### Records for this task

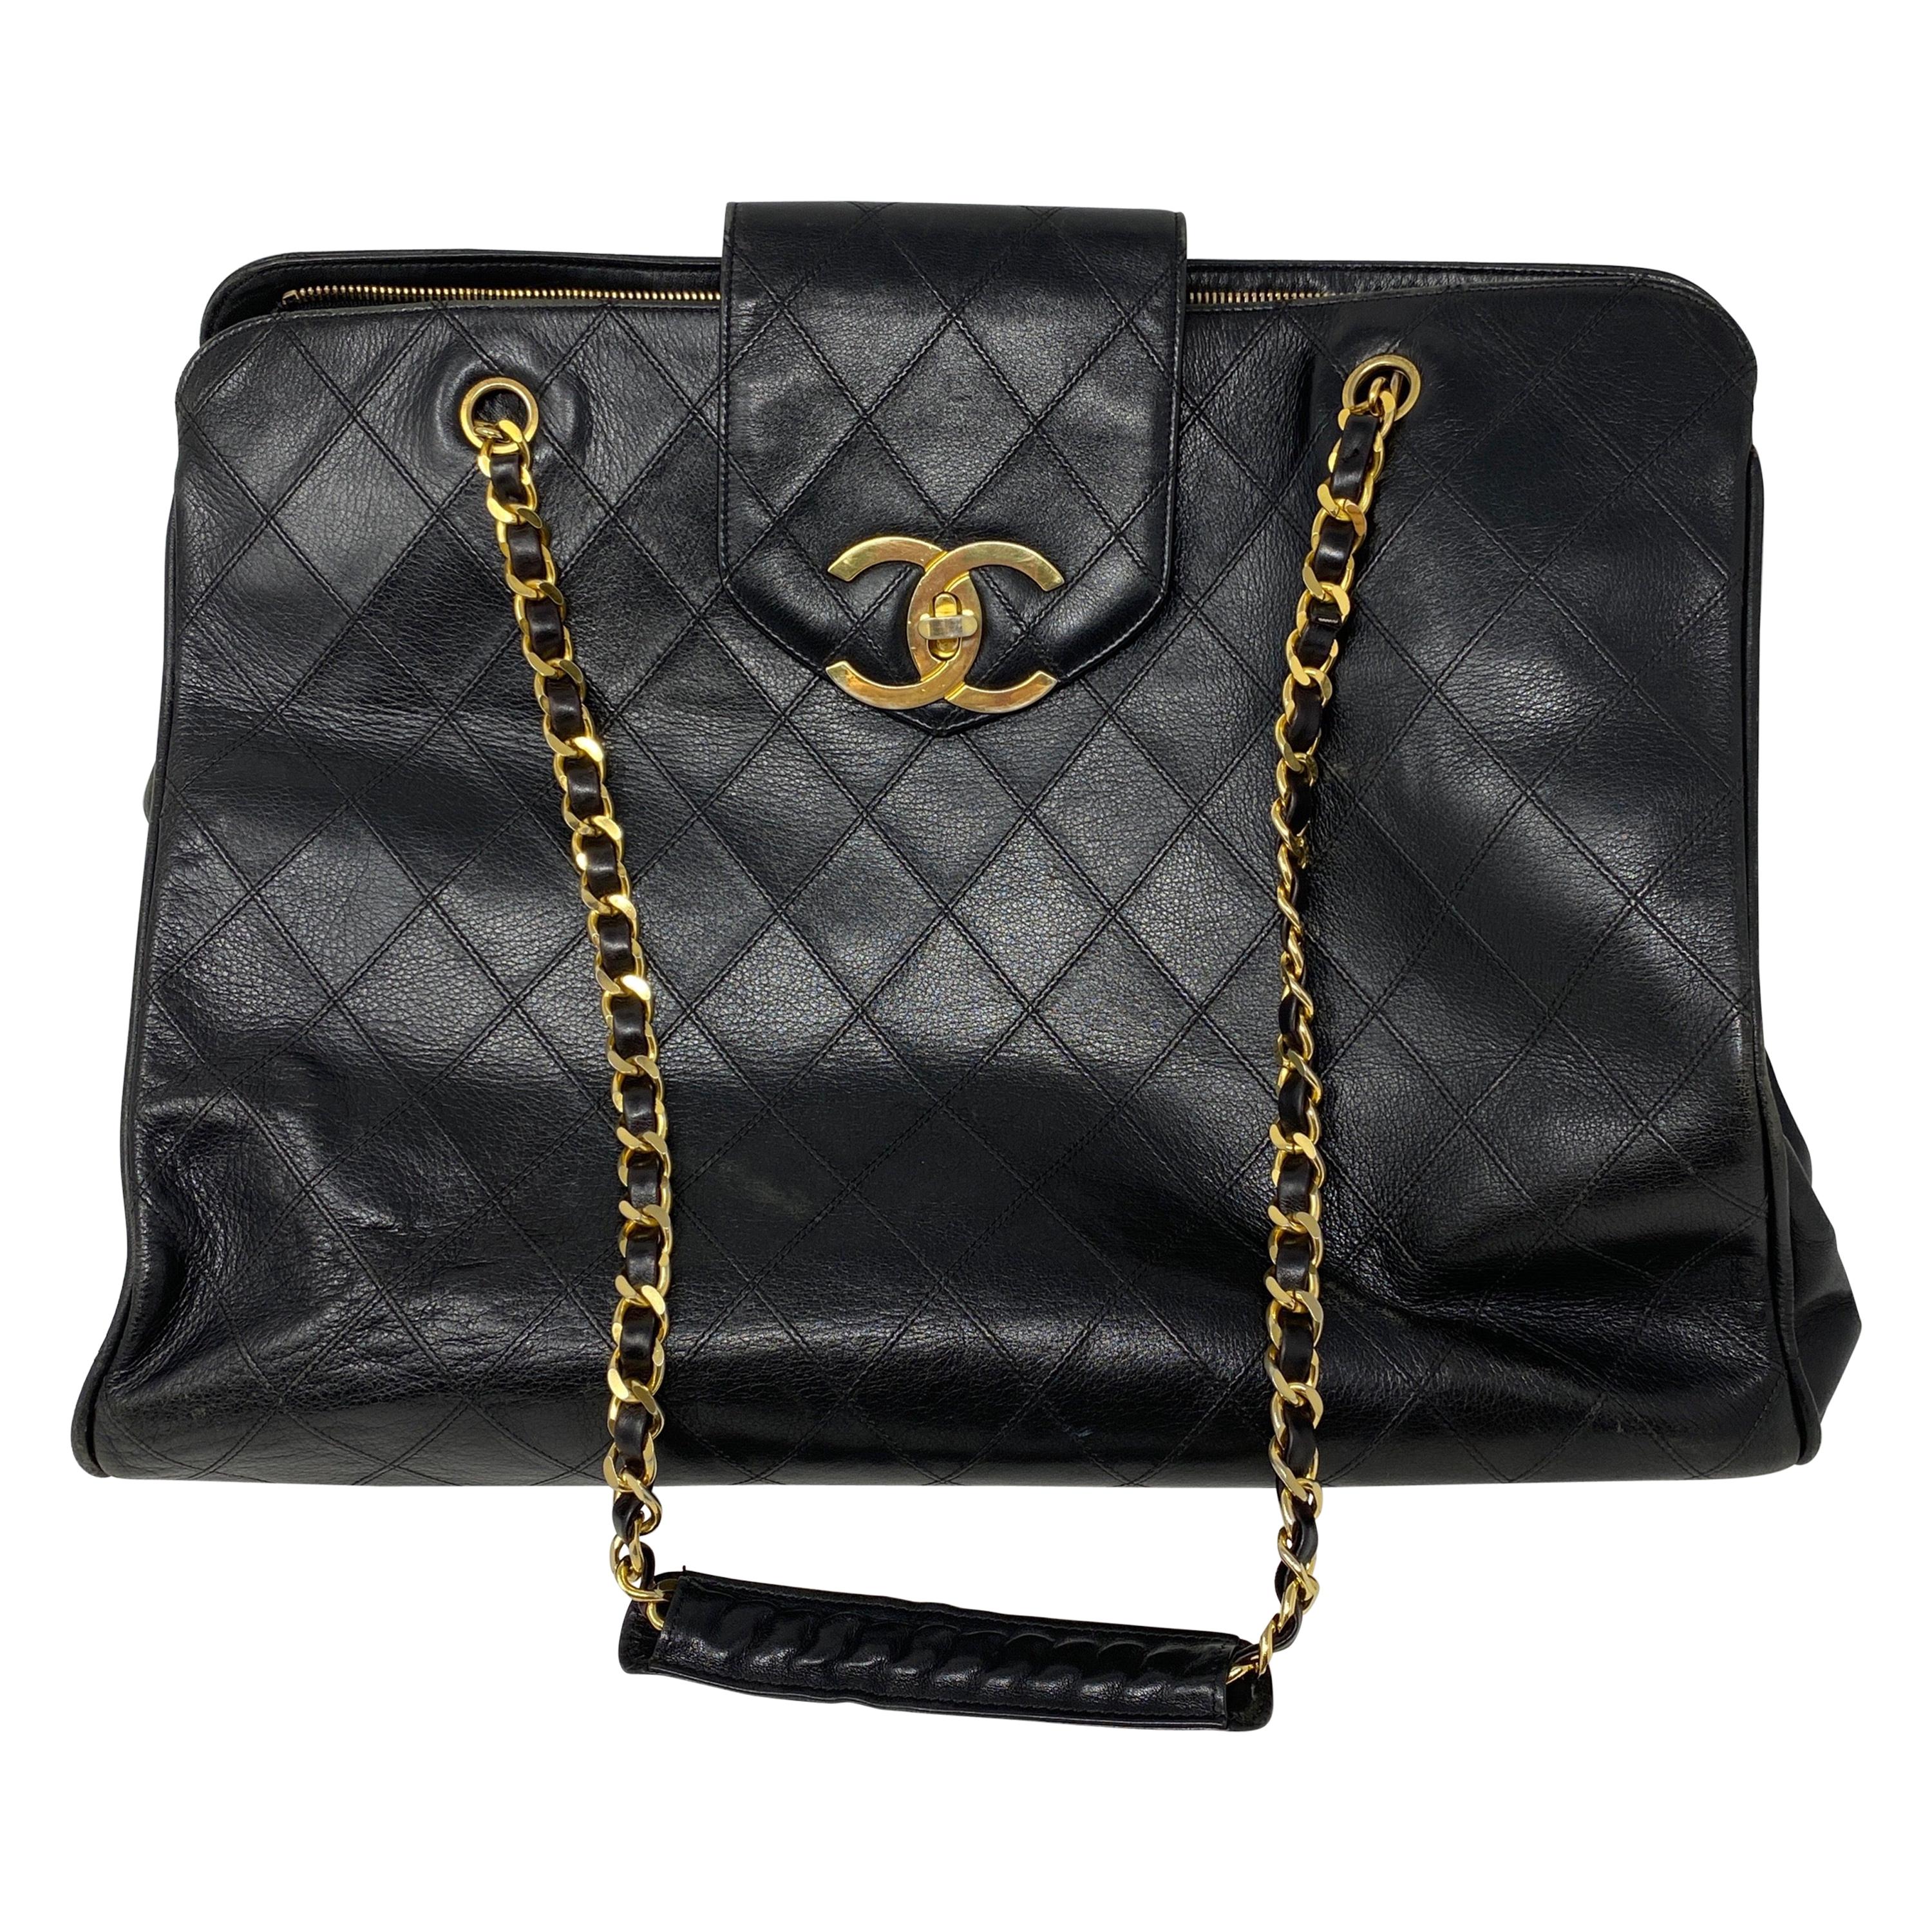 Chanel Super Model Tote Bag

---

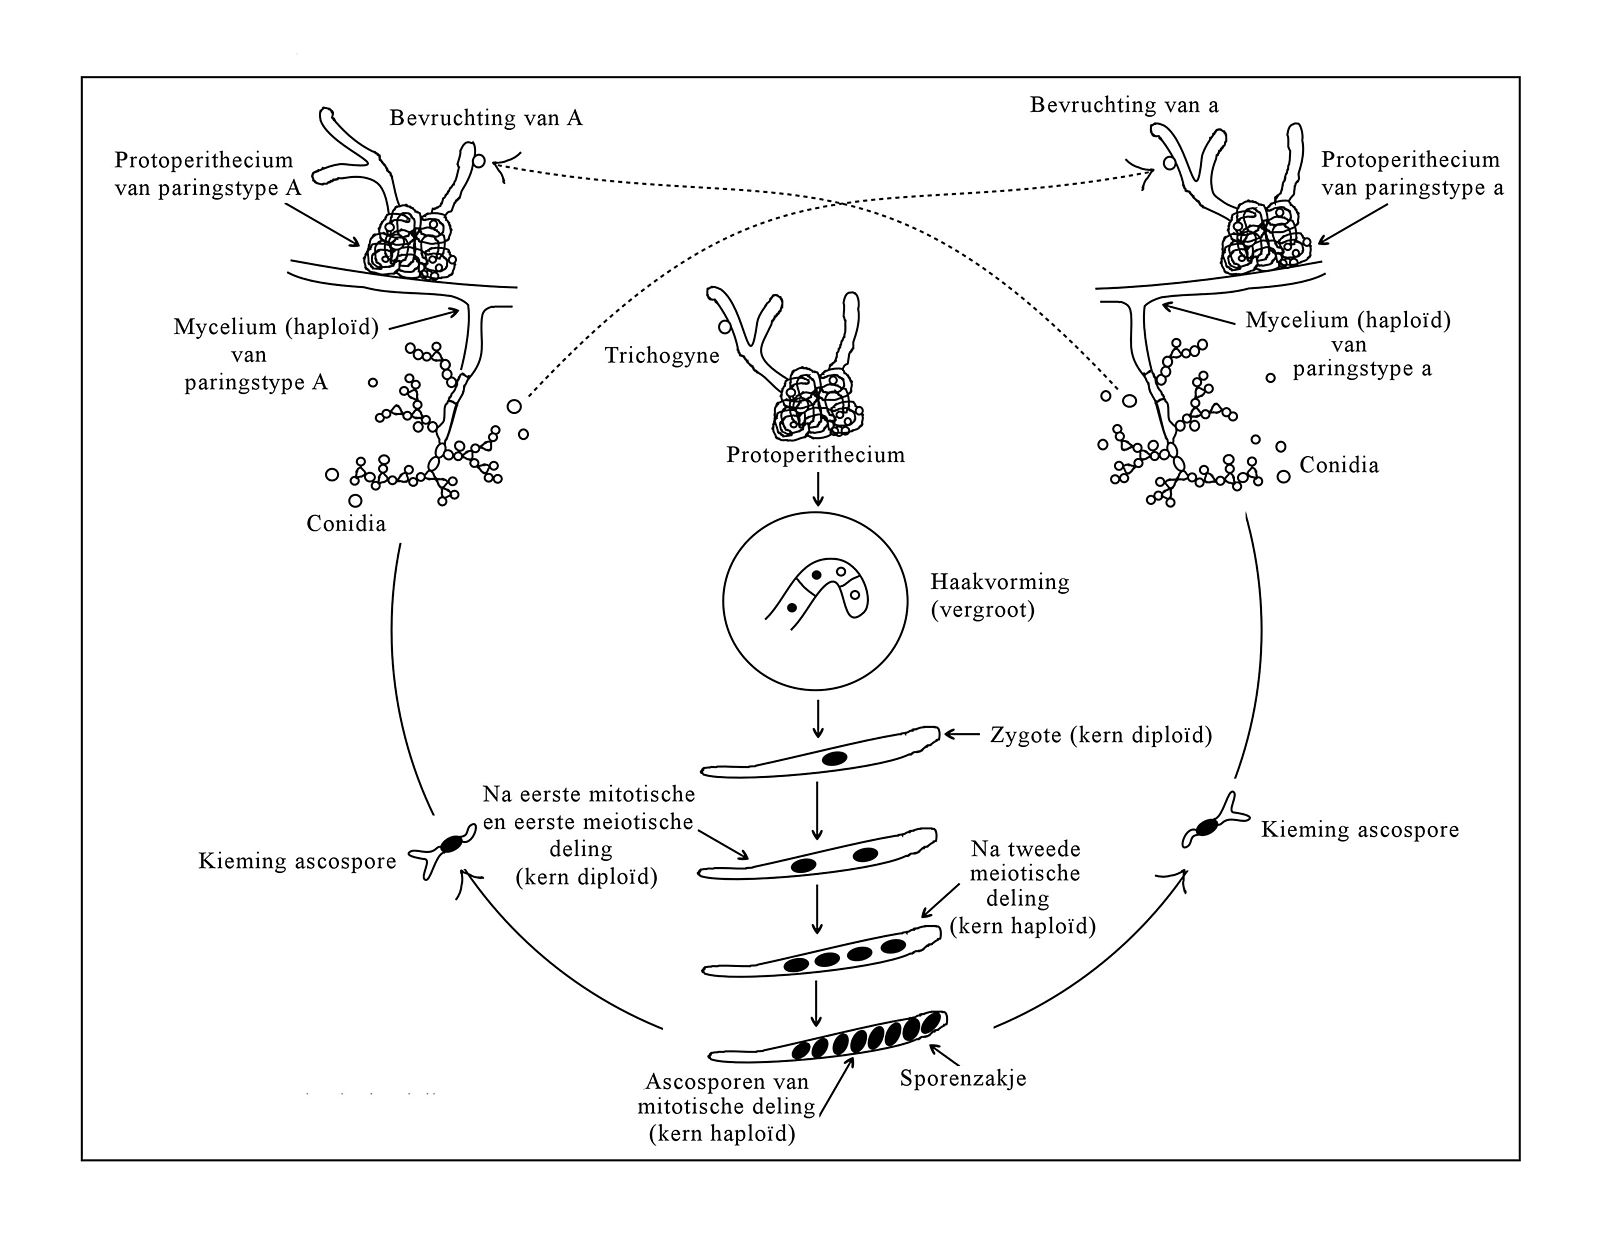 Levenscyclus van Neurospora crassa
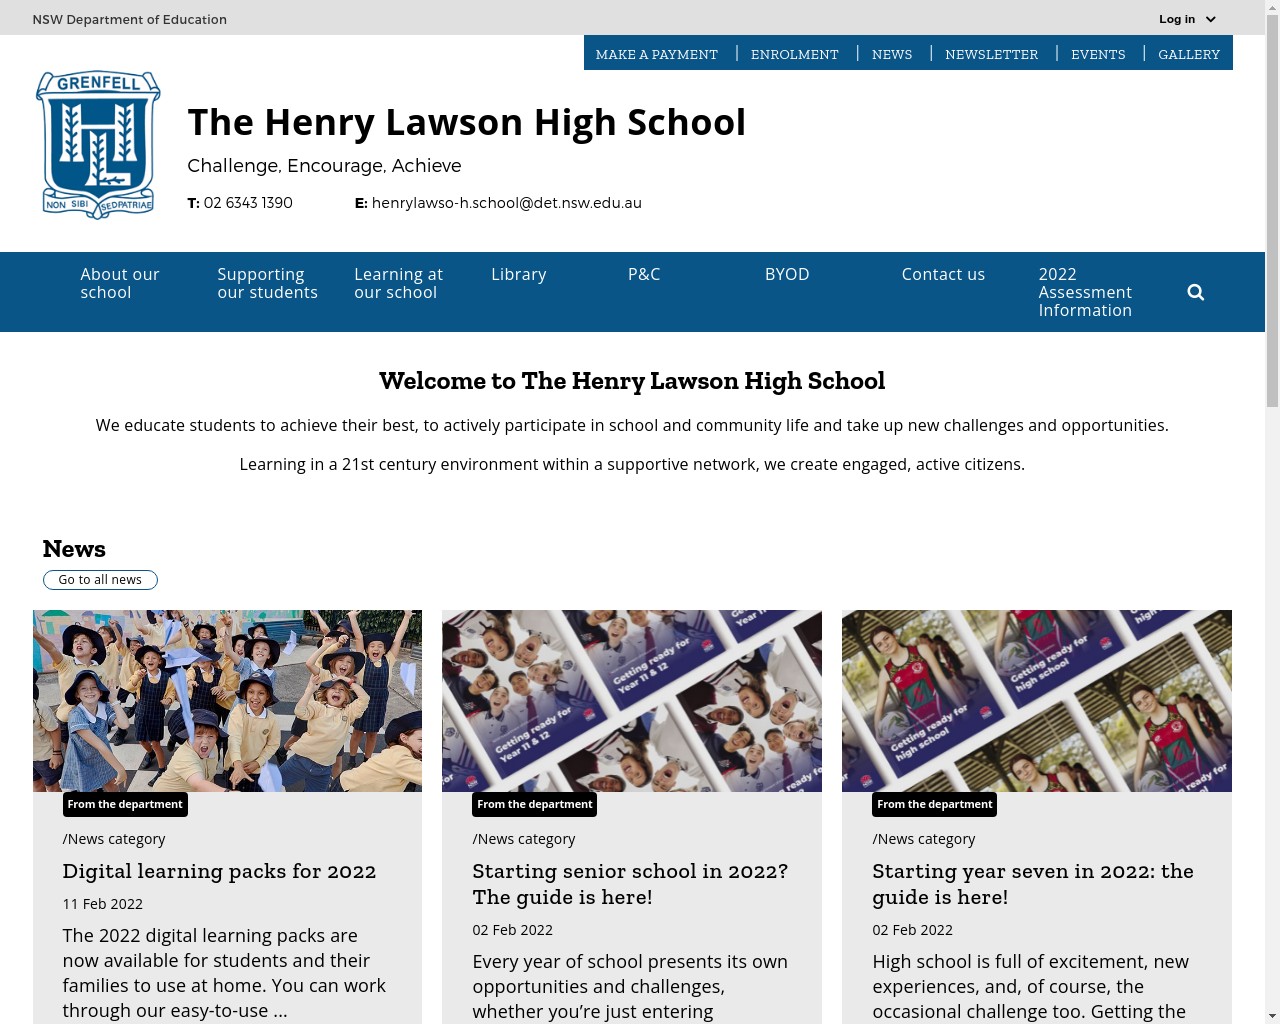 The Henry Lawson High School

### Exercise requirements
Go to the line above that contains "Levenscyclus van Neurospora crassa" and reproduce everything exactly from there through the line that contains "The Henry Lawson High School", leaving out the pictures.

### Output for this exercise
 Levenscyclus van Neurospora crassa
 The Henry Lawson High School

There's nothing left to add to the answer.